Global Lord Bölüm 846 - Efsanevi Katmanlı Kişi Yanımdan İnin!
Gümbürtü!
Binlerce rüzgâr bıçağı savaş alanına indi. Sanki yerde aniden korkunç bir et kesme makinesi belirmiş gibiydi. Yüz binlerce sis canavarı korkunç rüzgâr bıçaklarının altında ağır kayıplar verdi.
Düşük Kademe İlah Seviyesi Temel Sınıf bile Cessier'in Efsanevi Kademe Drakonik Büyüsü Rüzgâr Kılıcı Fırtınası tarafından hafifçe yaralandı.
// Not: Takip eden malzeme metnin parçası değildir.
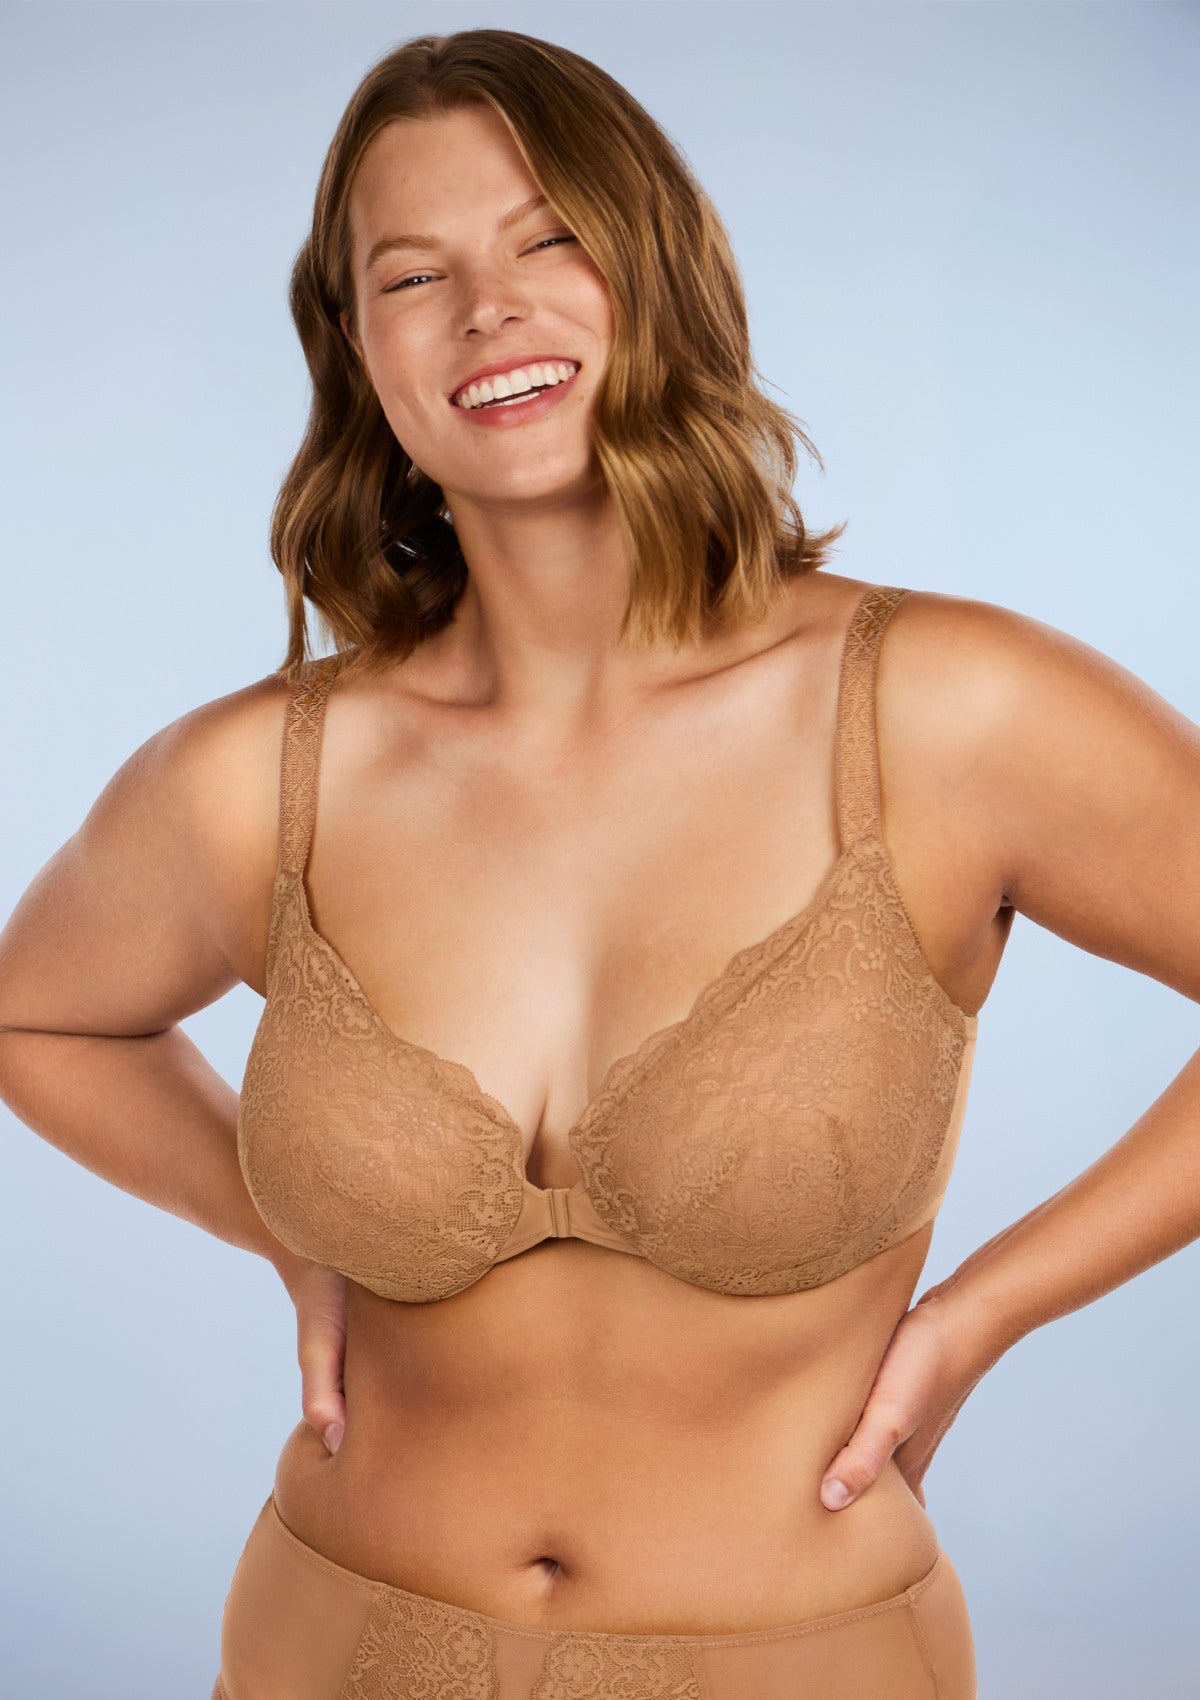 HSIA Nymphaea Easy-to-wear Front-Close Lace Unlined Underwire Bra - Dusty Peach / 42 / C

Cessier yalnızca Efsanevi Kademe Orta Seviye safkan bir ejderha olmasına rağmen, sıradan Düşük Kademe İlah Seviyesi Temel Sınıf Tanrı Ruhlarıyla başa çıkabiliyordu.
Cessier saldırısının başarılı olduğunu görünce heyecanla kükredi ve tekrar gökyüzüne yükseldi. Ardından, binlerce rüzgâr kanadını çağırdı ve aşağıdaki en yoğun sis canavarlarına doğru hücum etti.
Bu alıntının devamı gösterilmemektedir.